Experimental Keras libraries and examples. The keras_exp package is for exploring experimental and new features of Keras. Primary focus is on using Keras in conjuction with Tensorflow for multi-GPU and distributed systems. Currently this package is not hosted on PyPI. My goals here are to illustrate and explore APIs for multi-GPU and distributed systems. If installing I would recommend installing this package in editable mode:

git clone https://github.com/avolkov1/keras_experiments.git
cd keras_experiments
pip install -e .  # preferably in a virtualenv

or install directly from github:

pip install -e git+https://github.com/avolkov1/keras_experiments.git#egg=keras_exp

Otherwise use PYTHONPATH, symlinks, etcetera to use the package within your python environment. Feel free to modify, copy, and do whatever you like with the code.
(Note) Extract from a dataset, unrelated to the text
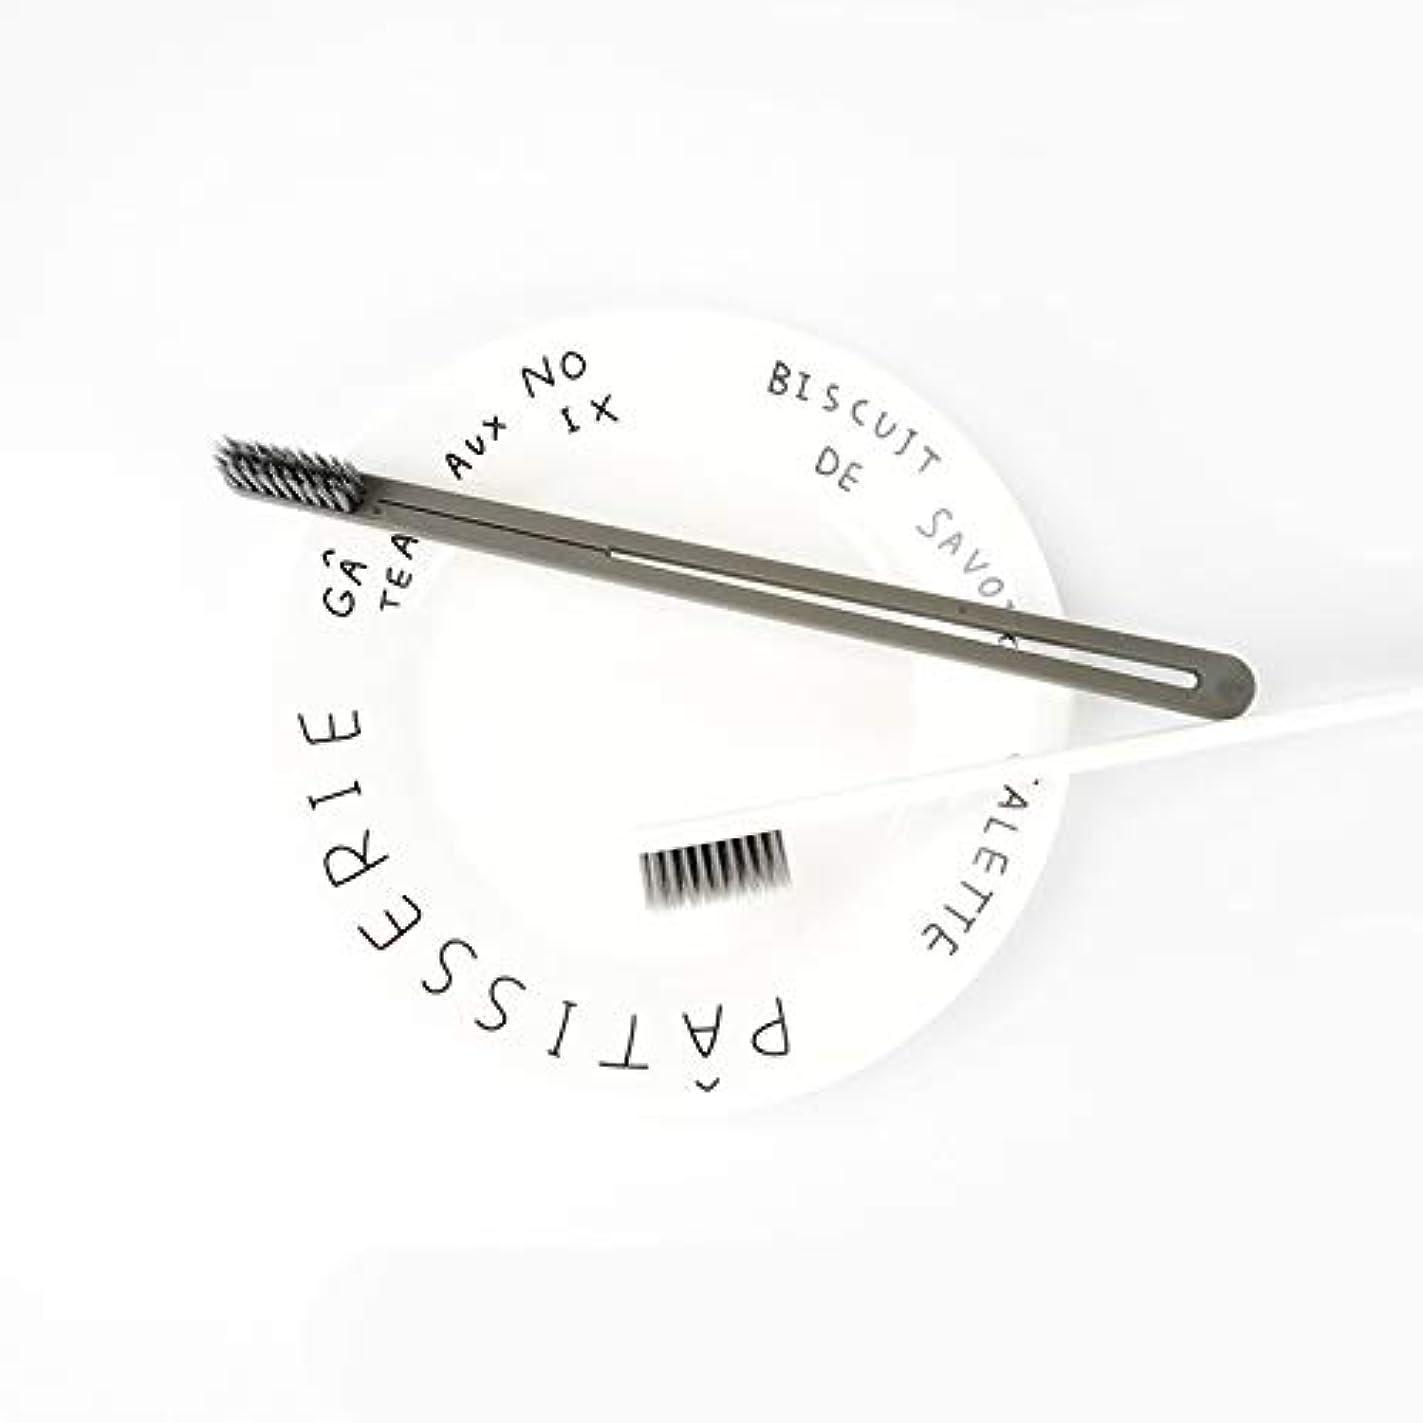 リーク市場ヘルパー5pcs ホテル歯ブラシ -ファッション 活性炭歯ブラシ 家族のための 口腔洗浄ツール

Dependencies are not enforced on install, but these are mainly: Keras and Tensorfow.

Examples

In general you should run latest version of Keras for various examples. The latest release as of this update is Keras 2.2.0. I clean/refactor the code over time relying on features in the mainline Keras. For example, the monkey patch for the backend TF function is no longer necessary given the ability to pass fetches to K.Function() with the TensorFlow backend (Keras 2.1.0 improvement). The make_parallel function is no longer necessary as it has been incorporated in Keras 2.0.9 keras.utils.multi_gpu_model.

I attempted making a few enhancements such as prefetching to GPUs, and using synchronous optimizers via NCCL. Unfortunately, because of the batch slicing implementation in make_parallel and multi_gpu_model, prefetching to multiple GPUs is not straightforward. Nor are my implementations of synchronous optimizer satisfactory (I am not sure if it is even working correctly). I recommend using Horovod which makes it easy to incorporate prefetch to device and synchronous optimizer training.

I added a classModelKerasMGPU which is a wrapper around multi_gpu_model to enable loading/saving of the model via ModelCheckpoint callback transparently. Also refer to make_parallel below.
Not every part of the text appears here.